As the nation’s largest integrated healthcare system, the VA has the power to lead and transform care in America. The department’s ability to internally conduct research on a massive scale is unmatched. Its weight in the market has no equal. Critically, VA has more patients with, well, just about any condition. In 2015, it provided care for nearly 175,000 veterans with HCV.
Although HCV infected millions of Americans through blood transfusions and other exposures to infected blood for decades, it was known as non-A, non-B hepatitis until 1989. From the start, identifying the virus, developing a screening test, demonstrating its transmissibility in blood and documenting that it caused hepatitis required a public-private collaboration—one explicitly recognized when scientists at Chiron Corp., the National Institutes of Health and Rockefeller University in New York jointly received the Nobel Prize in Physiology or Medicine for their breakthrough research on HCV in October 2020.
Within two years of its discovery, the U.S. Food and Drug Administration approved the first treatment for HCV, interferon alpha-2B, but it had only a 6% cure rate. Combining ribavirin with pegylated interferon improved results, but the nearly yearlong duration of therapy and challenging side effects resulted in high rates of discontinuation among veterans.
Starting in 2011, however, the treatment for HCV evolved rapidly. The addition of protease inhibitors to the combination therapy resulted in an approximately 70% cure rate, which rose to 90% as direct-acting antivirals improved. In 2014, the first all-oral, interferon-free treatment emerged, offering greater than 90% of patients sustained virologic response with eight to 24 weeks of treatment. By 2015, the cure rate reached 95% for most patients on a well-tolerated single combination pill, taken once a day for eight to 12 weeks in most cases.
“In 2014, VA began a ground-breaking system of care for veterans with the Hepatitis C virus (HCV). The Food and Drug Administration approved two new, highly effective drugs—Sofosbuvir (Sovaldi) and Simeprevir (Olysio)—that work to change the lives of veterans infected with Hepatitis C,” the VA said in its 2018 budget. “VA wants to ensure that all veterans eligible for these new drugs, based on their clinician’s recommendation, receive the medication.”
The list price for the drugs started at $1,000 per pill. Still, for the VA, treatment made financial sense. Unlike other payers, the healthcare system would likely provide care for veterans on its rolls throughout their lives and would incur the cost of liver complications, hepatocellular carcinoma and liver transplant for a significant percentage of veterans if they were not cured. The cost for the shorter course of drugs was not significantly different than the cost of the nearly one-year course required before DAAs, but nearly everyone could tolerate the new treatment, and virtually all patients achieved sustained virologic response.

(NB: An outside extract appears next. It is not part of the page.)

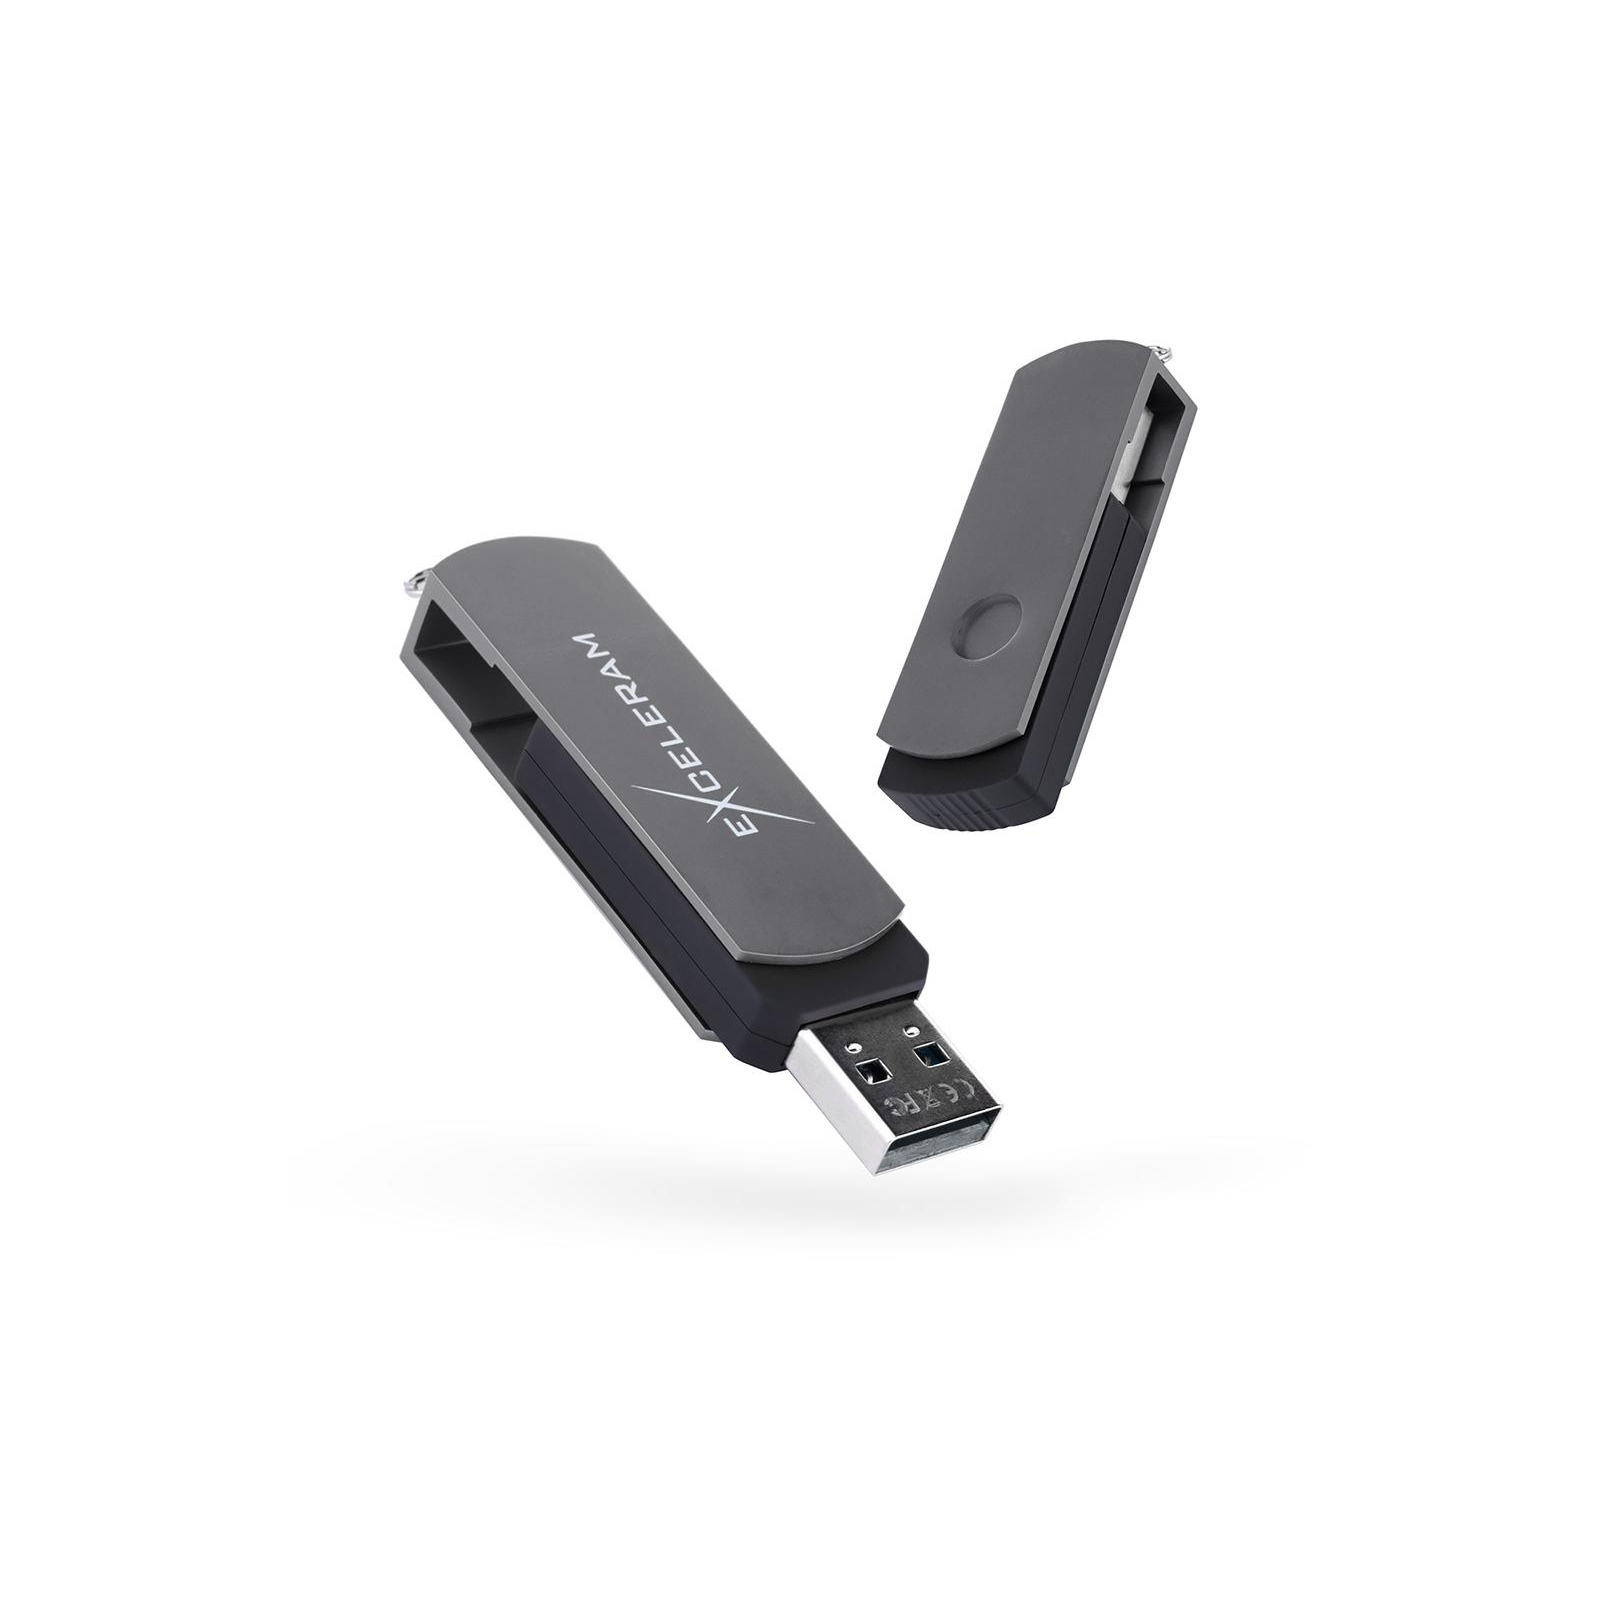 USB флеш накопичувач eXceleram 16GB P2 Series Gray/Black USB 2.0 (EXP2U2GB16)

Budget limitations initially led VA to prioritize care for the sickest patients, those who had documented fibrosis, cirrhosis or other complications from HCV. In March 2016, however, the department announced that it was “able to fund care for all veterans with hepatitis C for Fiscal Year 2016 regardless of the stage of the patient’s liver disease. The move follows increased funding from Congress along with reduced drug prices.”
All the manufacturers of HCV therapies—Gilead, Merck, AbbVie, Janssen, Bristol-Meyers Squibb—worked with the VA to develop pricing that enabled treatment of all veterans. By 2016, the VA was paying about 40% of list price and had rolled out a full screening and treatment program that provided best practices to healthcare systems across the country.
The manufacturers’ flexibility dramatically increased treatment rates in the VA, reducing morbidity and cutting death from advanced liver disease in half. Prior to 2014, 12,000 veterans had achieved sustained virological response to HCV therapies. At its peak, the VA was starting nearly 2,000 veterans each week on HCV treatment.
From January 2014 through the end of fiscal year 2018, more than 152,000 veterans had received treatment with DAAs. Cure rates for the last four years topped 94%.
“As the largest single provider of HCV care in the U.S., this is terrific news because it means we are within striking range of eliminating hepatitis C among veterans under the care of the Veterans Health Administration,” said VA Secretary Robert Wilkie in March 2019. At that point, fewer than 25,000 veterans with HCV in VA care remained to be treated, and efforts were in place to help them overcome issues that kept many of them from receiving treatment such as for substance use disorder and homelessness.
“These efforts have been nothing short of life-saving for tens of thousands of veterans,” Wilkie noted, “and that’s precisely why VA has made diagnosing, treating and curing hepatitis C virus infection such a priority.”